Advancements in data storage, processing power, and data analysis have made it more practical to apply machine learning techniques in financial research. Although machine learning represents a new and exciting area of quantitative finance, issues specific to financial data—limited data availability and noisy data—make it vulnerable to many of the same setbacks that have plagued traditional quantitative financial research methods for years, such as data mining. Moreover, the availability of open source software has reduced the barriers to entry to data analysis, increasing the potential for researchers to misapply advanced quantitative methods, such as machine learning, and produce investment strategies that fail to perform in live trading.
Given these considerations, the authors propose a comprehensive research protocol for quantitative finance. Their protocol includes seven key areas for consideration: (1) research motivation, (2) multiple testing and statistical methods, (3) sample choice and data, (4) cross-validation, (5) model dynamics, (6) model complexity, and (7) research culture. Each step serves a key role in the research process. For example, research motivated by an ex-ante hypothesis based on sound economic foundations will help limit data mining and increase the likelihood that the results of a model hold up in live trading. This is particularly important in machine learning, since the probability of a false positive remains high for strategies based on inputs with no economic logic, even after they are thoroughly cross-validated. Additionally, extensive cross validation can add a degree of complexity to a model. The in-sample results might improve because of the additional complexity, but the live trading results could disappoint if the model suffers from overfitting, especially if it is not based on sound economic theory.

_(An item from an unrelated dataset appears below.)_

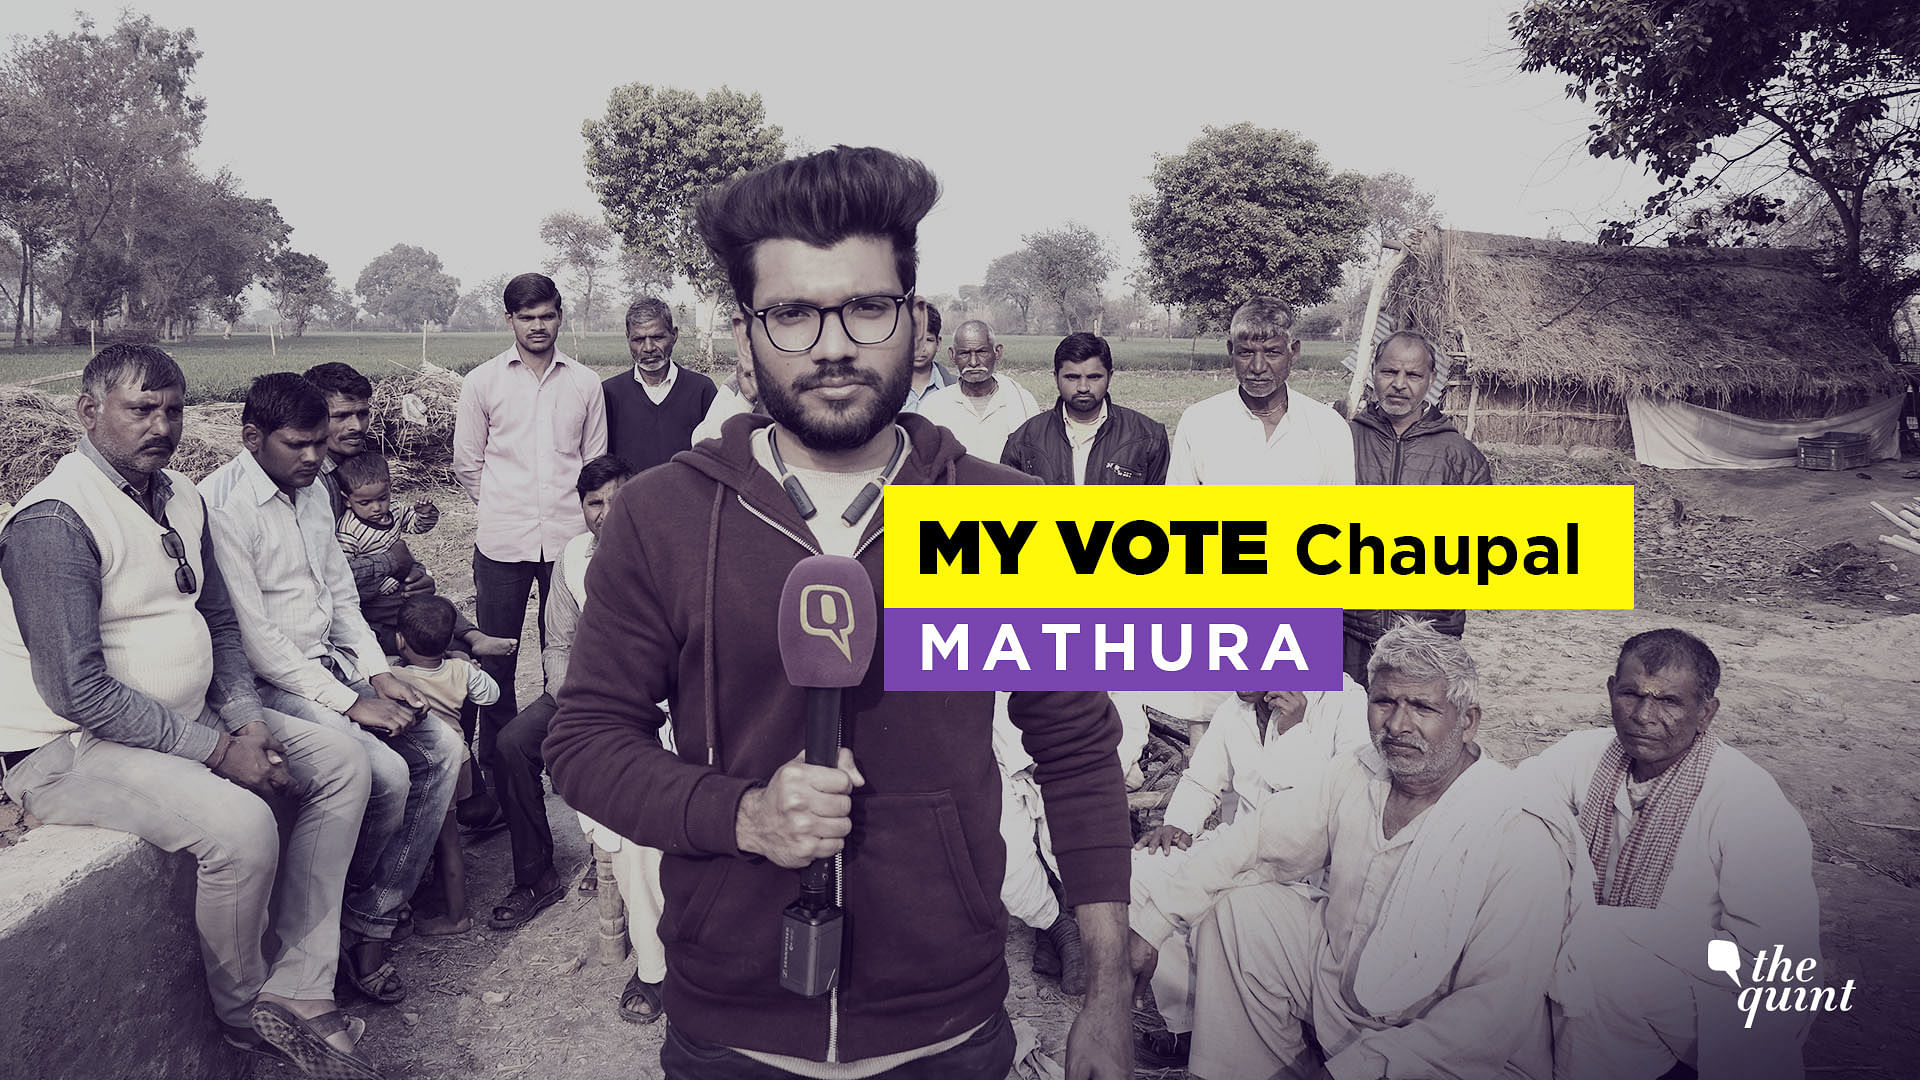 <b>The Quint</b> spoke to farmers in Mathura to understand the problems they face.

Machine learning techniques have the potential to uncover new, more complex relationships within finance, but investment strategies based on these techniques are still susceptible to data mining and overfitting. A protocol is a simple step that can help minimize the number of false positives without eliminating the possibility of identifying successful strategies altogether. Ultimately, the authors believe their seven-step research protocol should help investment managers identify more investment strategies that are successful in live trading.